The process of switching from fetal to adult globins has been extensively described as an epigenetic process regulated primarily by an array of histone modifications [52-55]. Because of the aberrant fetal globin expression and apparent failure to switch off fetal globins during erythroid maturation, it was hypothesized that oxidative stress contributed to a loss of epigenetic control in erythropoietic development in the Sod2^-/- animals. To test this hypothesis, splenic nuclear protein from Sod2^L/L and Sod2^-/- animals was probed for various histone modifications known to regulate globin switching (Fig. 6D-E). Our results indicate that loss of Sod2 in erythroid precursors is associated with a global decrease in histone modifications including methylation and acetylation. The profound alteration of global histone modifications observed correlates with the transcriptional deregulation throughout the spleen, and may explain at least in part the abnormal expression of fetal globin chains.
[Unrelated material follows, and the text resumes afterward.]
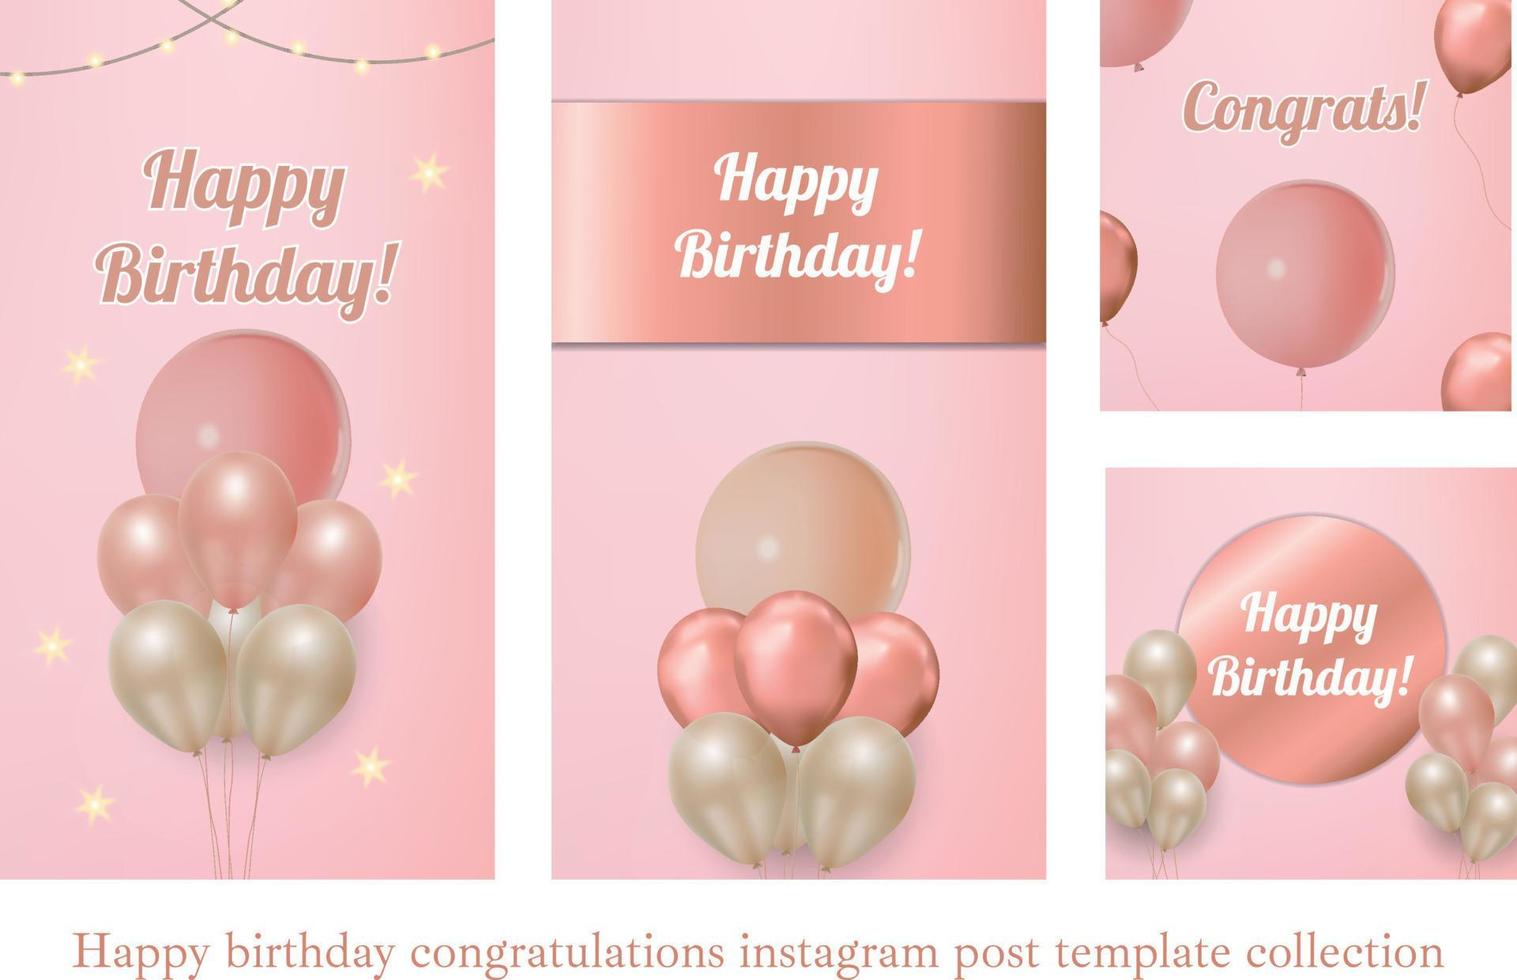 Happy birthday congratulations instagram post template collection with realistic balloons vector

Mitochondrially targeted anti-oxidants rescue the oxidative stress induced erythrocyte defects

The conditional loss of Sod2^-/- in hematopoietic lineages has produced a mouse model with significant pathology. With this model we aimed to query the effects of heme, N-acetyl cysteine (NAC), and mitochondrial targeted anti-oxidant (mito-tempol) therapies on the observed phenotype. To examine whether heme therapy would rescue the effects on Sod2^-/- mice, hemin administration was performed. The rationale for this rescue was that a simple replacement of heme may counteract the aberrant production observed in the Sod2^-/- animals. In Sod2^-/- mice, hemin was able to partially rescue the defects in hemoglobin and hematocrit. In addition, hemin administration resulted in an approximate 50% decrease in circulating reticulocytes (Fig. 7A). These data further support the evidence of a heme synthesis aberration in Sod2^-/- mice, since the acquisition of fully formed heme (by hemin) appeared to be utilized efficiently in the formation of hemoglobin and functional erythrocytes.
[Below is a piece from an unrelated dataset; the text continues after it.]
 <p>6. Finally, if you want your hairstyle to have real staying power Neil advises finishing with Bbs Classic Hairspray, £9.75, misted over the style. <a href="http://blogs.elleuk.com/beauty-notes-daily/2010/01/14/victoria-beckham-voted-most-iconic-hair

Figure. 7. Anti-oxidant therapy or hemin partially rescued the observed phenotype.

(A) Mice were treated with respective drug for 7 days. Complete blood count (CBC) analysis performed on days 0, 3, and 7. Dotted blue line indicates Sod2^L/L vehicle treated, Solid blue line indicates Sod2^L/L drug treated, Dotted red line indicates Sod2^-/- vehicle treated, solid red line indicates Sod2^-/- drug treated. Hemoglobin (Hgb); Hematocrit (Hct); Reticulocytes (Retic). (B) Thiobarbituric acid reactive substances (TBARS) assay on total blood plasma and total spleen isolates with and without Mito-Tempol administration. Six mice of respective genotypes were analyzed per experiment; data are shown as mean and s.d. Where applicable, * = p<0.01 or ‡ = p<0.05 by Student's t-test versus Sod2^L/L; Φ = p<0.01 by Student's t-test versus Sod2^-/-.
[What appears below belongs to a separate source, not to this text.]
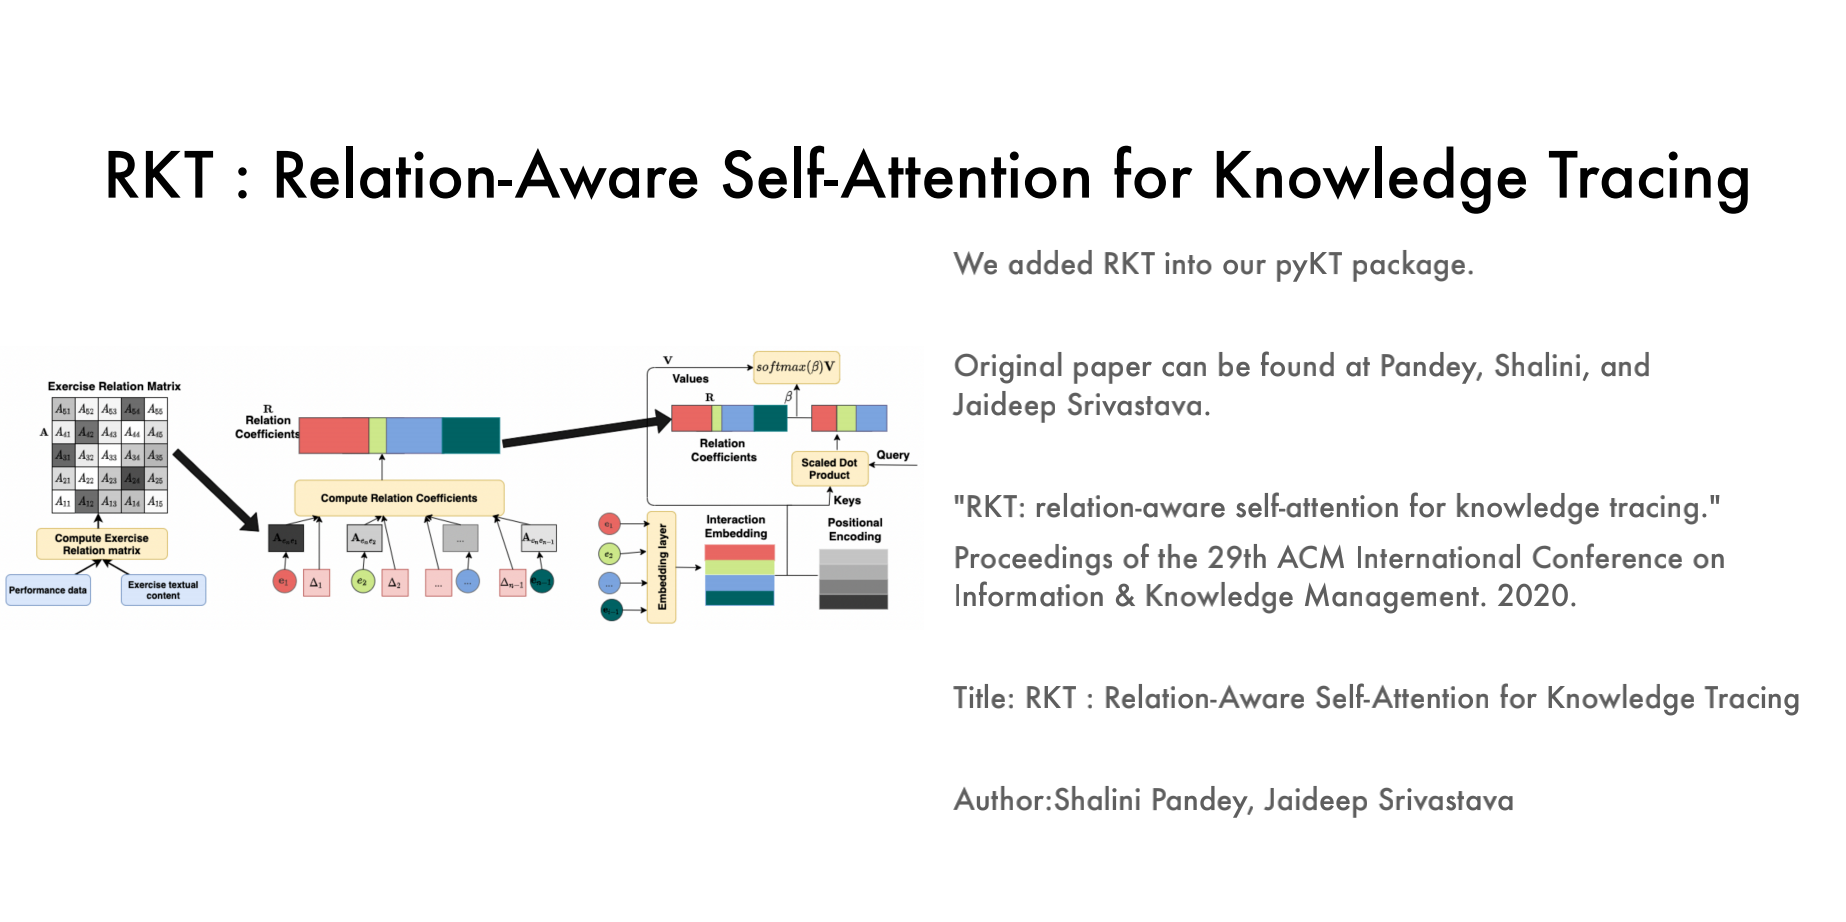 RKT: relation-aware self-attention for knowledge tracing

Next, we attempted to rescue the heme defect in Sod2^-/- mice by the use of N-acetyl cysteine (NAC). NAC, a clinically approved agent, functions to replete glutathione pools and aid in two electron antioxidant reduction reactions [56]. We hypothesized that due to the abundance of labile iron and superoxide that increased hydrogen peroxide (by Fenton chemistry) may be formed, which NAC would function to eliminate. Unfortunately, NAC did not have any significant effect on restoring the heme defect as demonstrated by no change in hemoglobin or hematocrit in the knock-outs (Fig. 7A). Interestingly, NAC administration did decrease reticulocytes to similar levels as the hemin rescue. These data suggest the observed anemia in Sod2^-/- mice possibly is due to a combination of at least two factors: 1) decreased heme synthesis, and 2) cellular damage elicited by oxidative stress. NAC may have beneficial effects on the latter, but no consequence on the former. Our dosing regimen was chosen on the basis of previously reported antioxidant effects [33, 34], but NAC has been shown to be both pro- and anti-oxidant depending upon concentration [57, 58]. Further studies examining different dosing ranges of NAC would be needed to fully understand the contribution of this drug in our system. Additionally, NAC has been shown in certain systems to slow cell cycle progression [59], as such in this model NAC may not be eliciting a beneficial antioxidant effect but rather limiting the production of new erythroid progenitors. Overall, the data presented here suggest NAC displays confounding results in the reversion of the Sod2^-/- phenotype, but we cannot rule out its therapeutic potential in this model at this time.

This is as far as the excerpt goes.